Overview

A Study to Assess RXC004 Efficacy in Advanced Solid Tumours After Progression on Standard of Care (SoC) Therapy (PORCUPINE2)

Status:
Not yet recruiting

Trial end date:
2023-06-10

Target enrollment:
0

Participant gender:
All

Summary

This study is to evaluate the preliminary efficacy and safety of RXC004 monotherapy in advanced solid tumours that have progressed following SoC treatment.

Phase:

Phase 2

Accepts Healthy Volunteers?

Details

Lead Sponsor:

Redx Pharma Plc

Treatments:

Denosumab

Criteria

Core Inclusion Criteria:

- At least one lesion that is measurable by RECIST 1.1 at baseline (within 28 days prior
to start of study treatment).

- Mandatory paired biopsies; Patients must have at least one lesion suitable for biopsy
at screening

- Adequate organ and marrow function

- Female patients of childbearing potential must have a negative pregnancy test prior to
start of dosing

- Female patients of childbearing potential and male patients with female partners of
childbearing potential must agree to use a highly effective method of contraception
during the study and for at least 5 months after the last dose of study drug.
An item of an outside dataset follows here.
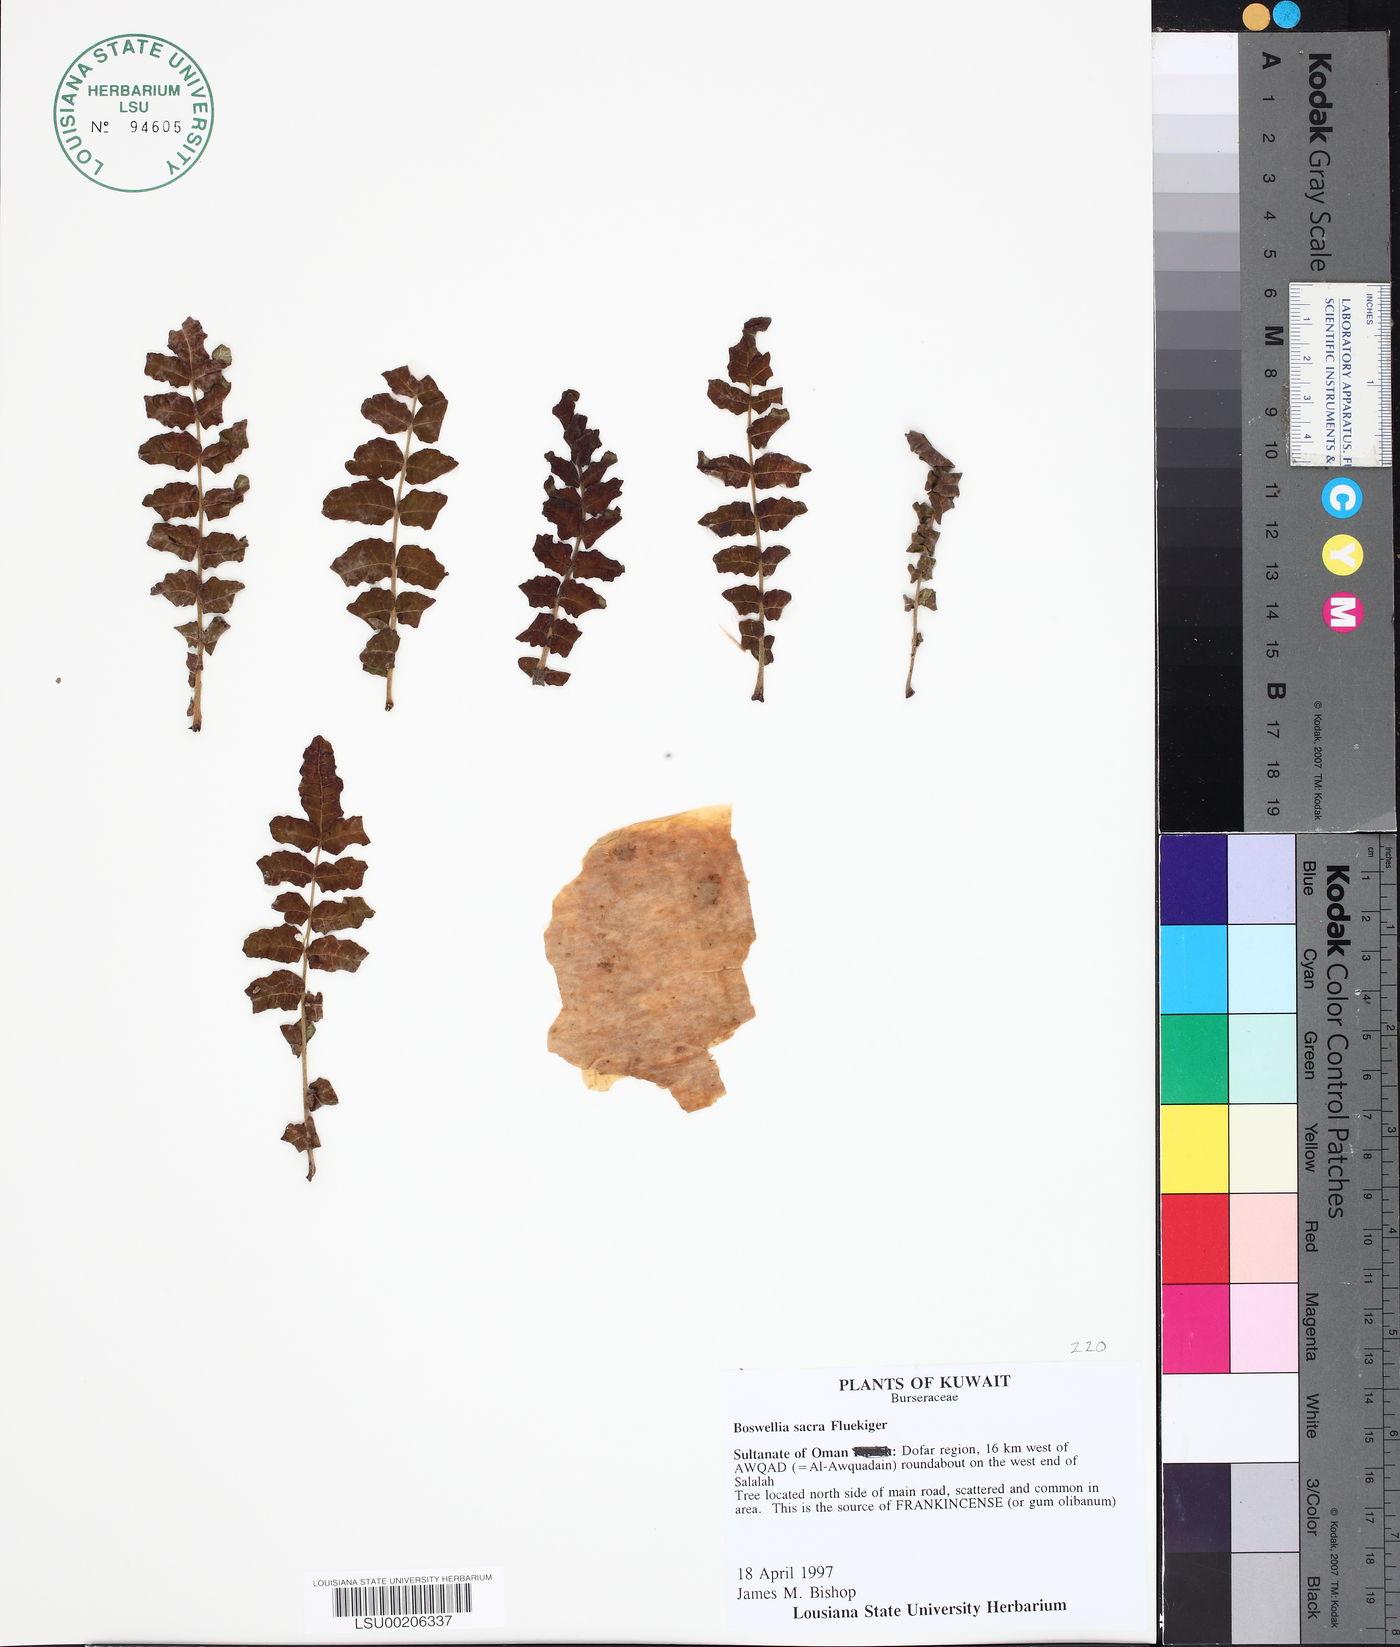 Boswellia sacra image

Module 1 (PDAC) Specific Inclusion Criteria

- Histological documentation of advanced (unresectable)/metastatic (Stage III/IV) PDAC,
with documented loss of function tumour mutation in RNF43

- Patients must have received one prior systemic treatment for advanced
(unresectable)/metastatic PDAC (Stage III/IV), with clear evidence of radiological
disease progression

- Patients must be enrolled and receive first dose of study treatment within 6 weeks of
radiologically confirmed RECIST1.1 progression

- Karnofsky performance status ≥70.

Module 2 (BTC) Specific Inclusion Criteria

- Histological documentation of advanced (unresectable)/metastatic (Stage III/IV) BTC
(intrahepatic or extrahepatic cholangiocarcinoma, ampulla of Vater, or gallbladder
cancer)

- Patients must have received one prior systemic treatment for advanced
(unresectable)/metastatic BTC, with clear evidence of radiological disease progression

- Patients must be enrolled and receive first dose of study treatment within 6 weeks of
radiologically confirmed RECIST1.1 progression

- ECOG status 0 or 1.

Core Exclusion Criteria:

- Prior therapy with a compound of the same mechanism of action as RXC004

- Patients at higher risk of bone fractures

- Any known uncontrolled inter-current illness or persistent clinically significant
toxicity related to prior anti-cancer treatment

- Patients who have any history of an active (requiring treatment) other malignancy
within 2 years of study entry

- Patients with known or suspected brain metastases

- Use of anti-neoplastic agents and other investigational drugs within 4 weeks prior to
the first dose of study treatment

- Patients with a known hypersensitivity to any RXC004 excipients

- Patients with a contra-indication for denosumab treatment

- Patients who are pregnant or breast-feeding

- Known active human immunodeficiency viruses (HIV), hepatitis B (HBV), or hepatitis C
(HCV) infections

- Use of any live vaccines against infectious diseases (e.g., influenza, varicella)
within 4 weeks (28 days) of initiation of study treatment.